Lemonade helps users run local LLMs with the highest performance by configuring state-of-the-art inference engines for their NPUs and GPUs.
Startups such as Styrk AI, research teams like Hazy Research at Stanford, and large companies like AMD use Lemonade to run LLMs.
Step 1: Download & Install | Step 2: Launch and Pull Models | Step 3: Start chatting! |
---|---|---|
![]() |
![]() |
![]() |
Install using a GUI (Windows only), pip, or from source. | Use the Model Manager to install models | A built-in chat interface is available! |
Tip
Want your app featured here? Let's do it! Shoot us a message on Discord, create an issue, or email.
To run and chat with Gemma 3:
lemonade-server run Gemma-3-4b-it-GGUF
To install models ahead of time, use the pull
command:
lemonade-server pull Gemma-3-4b-it-GGUF
To check all models available, use the list
command:
lemonade-server list
Note: If you installed from source, use the
lemonade-server-dev
command instead.
Tip: You can use
--llamacpp vulkan/rocm
to select a backend when running GGUF models.
Lemonade supports both GGUF and ONNX models as detailed in the Supported Configuration section.

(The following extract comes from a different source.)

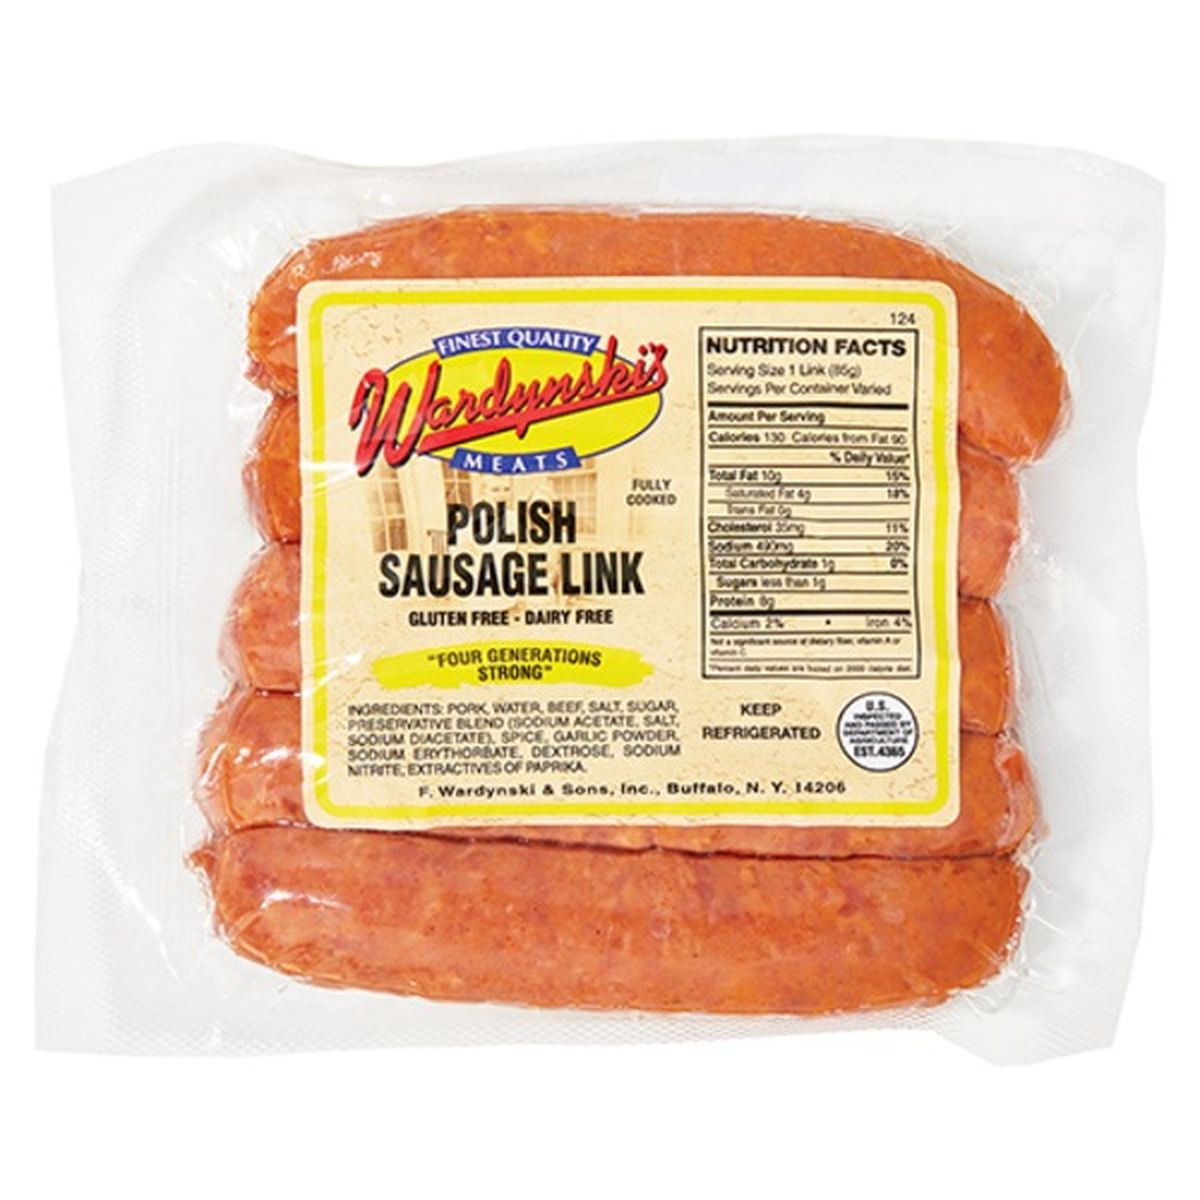 Calories in Wardynski's Polish Sausage Links
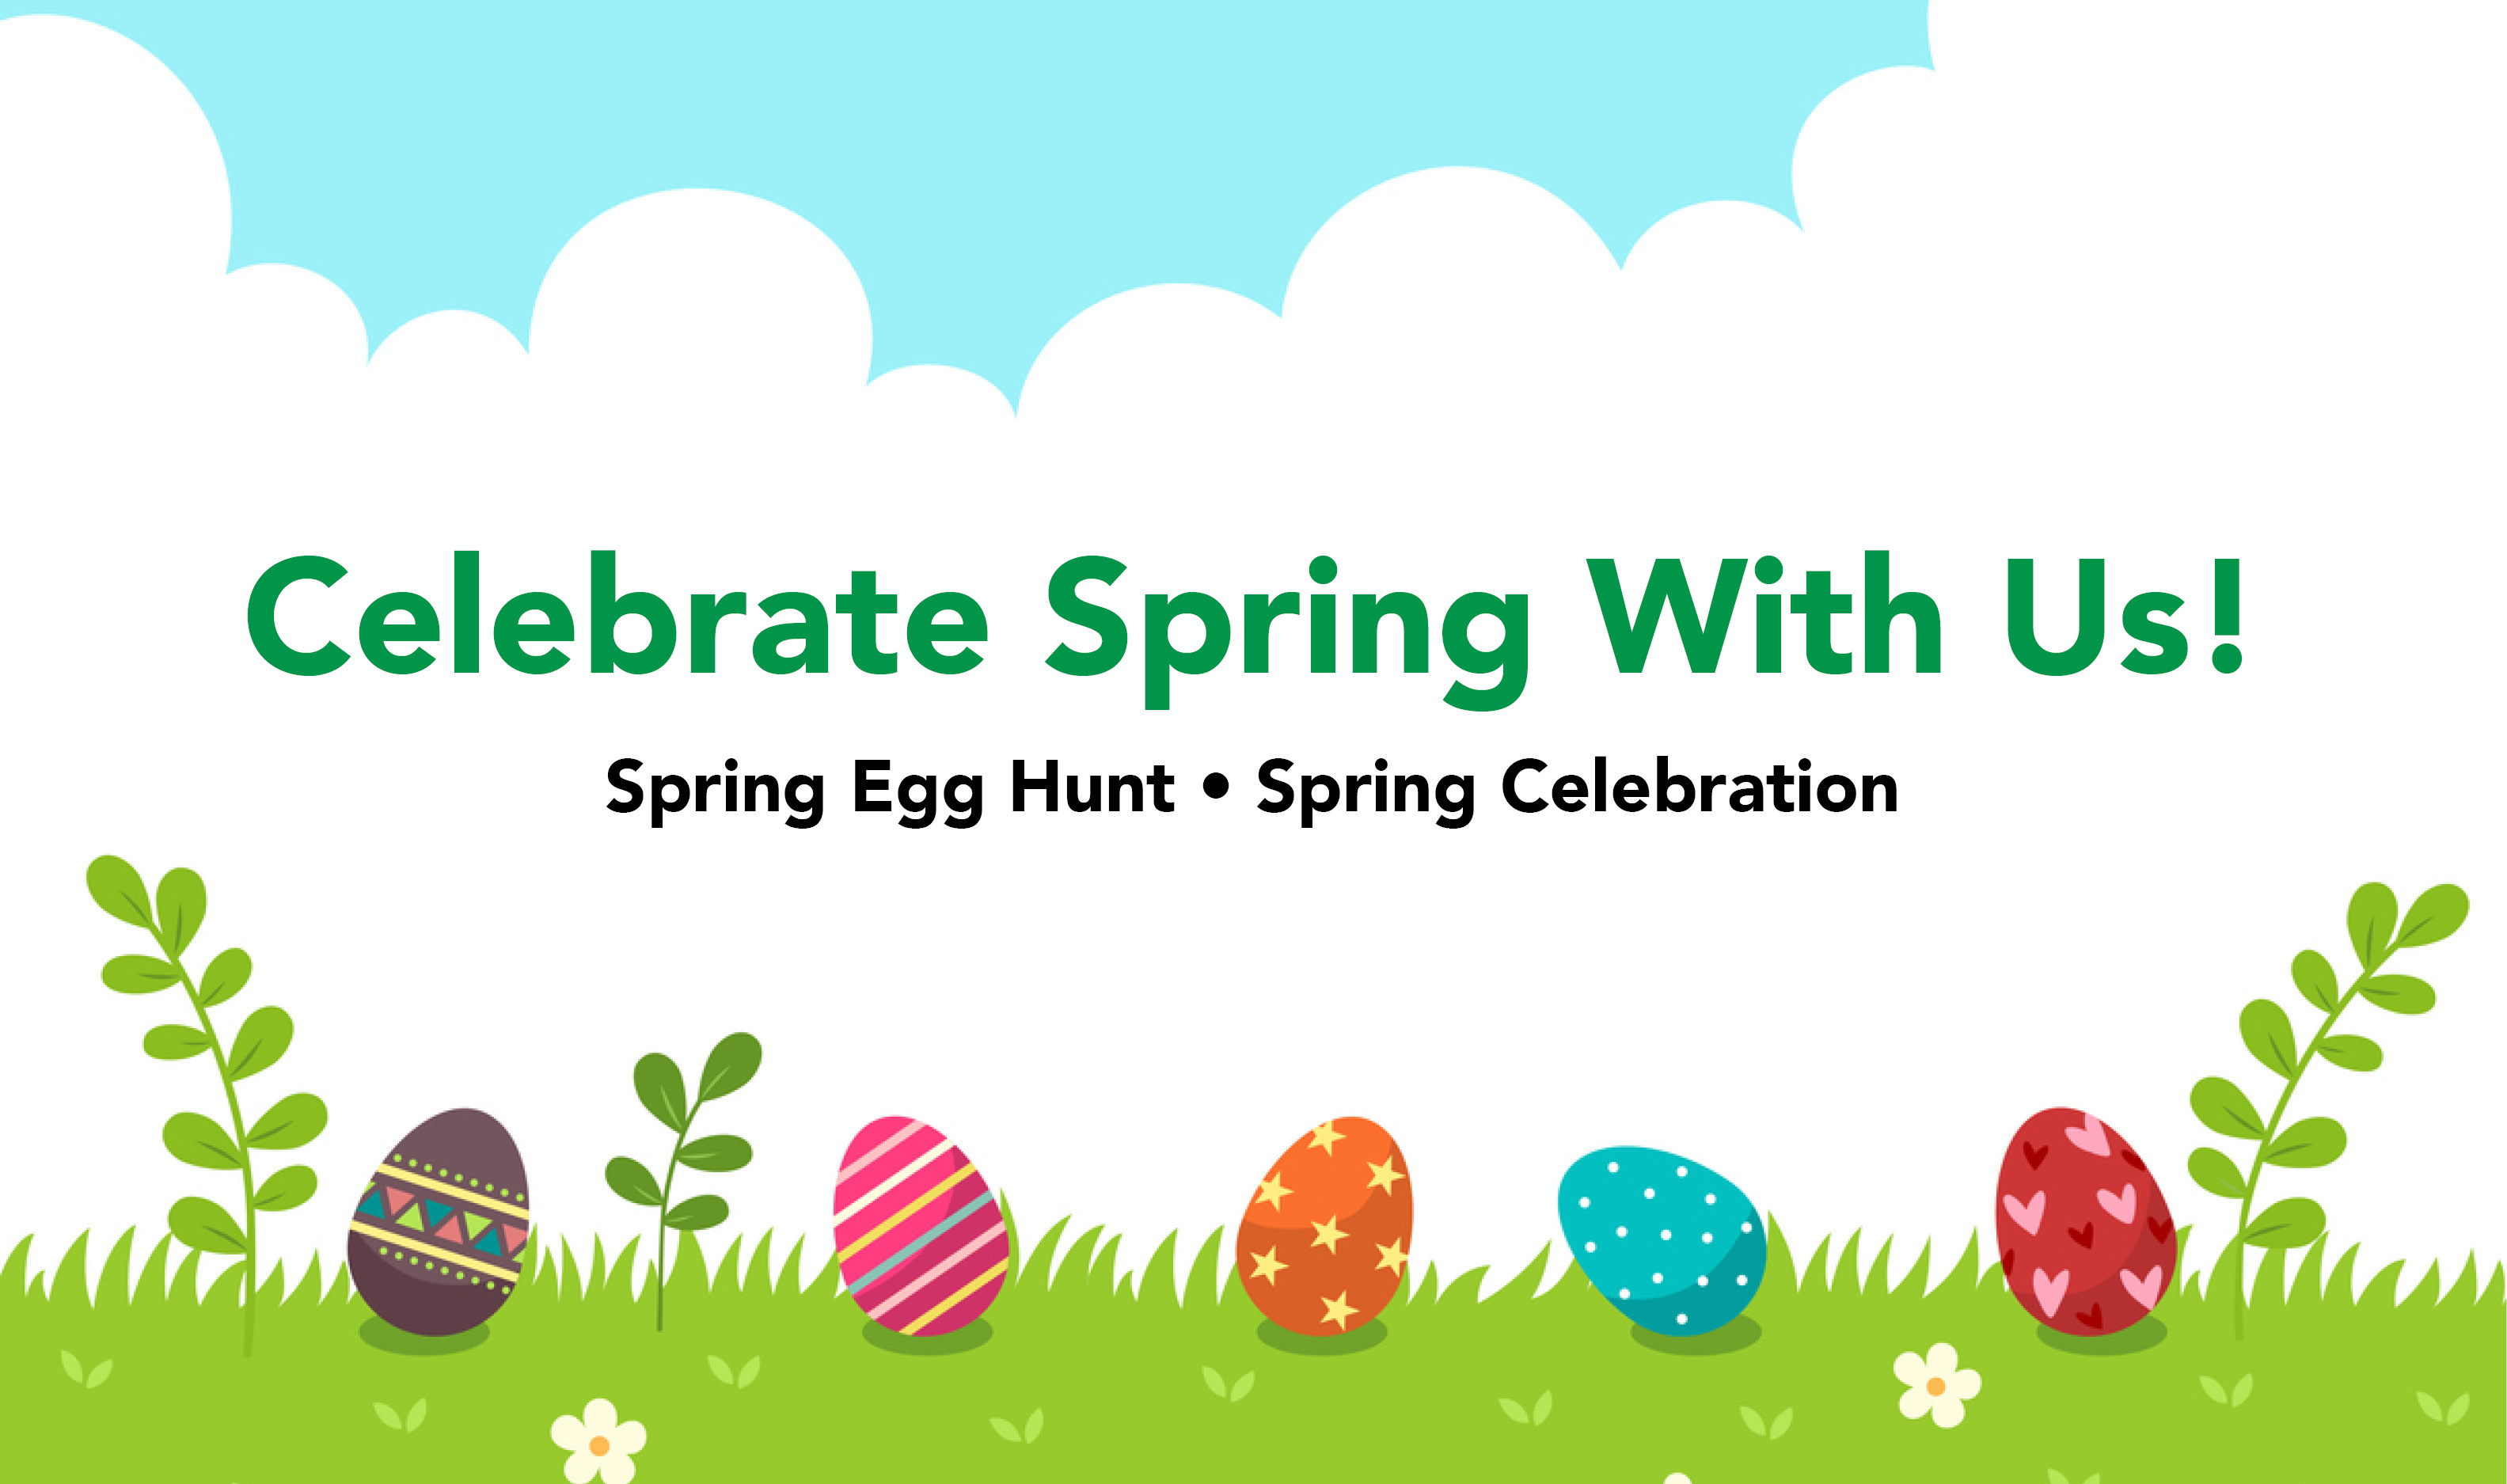 Spring Celebrations - THPRD's upcoming egg hunts

A list of all built-in models is available here.
You can also import custom GGUF and ONNX models from Hugging Face by using our Model Manager (requires server to be running).
Lemonade supports the following configurations, while also making it easy to switch between them at runtime. Find more information about it here.
Hardware | Engine: OGA | Engine: llamacpp | Engine: HF | Windows | Linux |
---|---|---|---|---|---|
🧠 CPU | All platforms | All platforms | All platforms | ✅ | ✅ |
🎮 GPU | — | Vulkan: All platforms ROCm: Selected AMD platforms* |
— | ✅ | ✅ |
🤖 NPU | AMD Ryzen™ AI 300 series | — | — | ✅ | — |
* See supported AMD ROCm platforms
Architecture | Platform Support | GPU Models |
---|---|---|
gfx1151 (STX Halo) | Windows, Ubuntu | Ryzen AI MAX+ Pro 395 |
gfx120X (RDNA4) | Windows only | Radeon AI PRO R9700, RX 9070 XT/GRE/9070, RX 9060 XT |
gfx110X (RDNA3) | Windows, Ubuntu | Radeon PRO W7900/W7800/W7700/V710, RX 7900 XTX/XT/GRE, RX 7800 XT, RX 7700 XT |
You can use any OpenAI-compatible client library by configuring it to use http://localhost:8000/api/v1
as the base URL. A table containing official and popular OpenAI clients on different languages is shown below.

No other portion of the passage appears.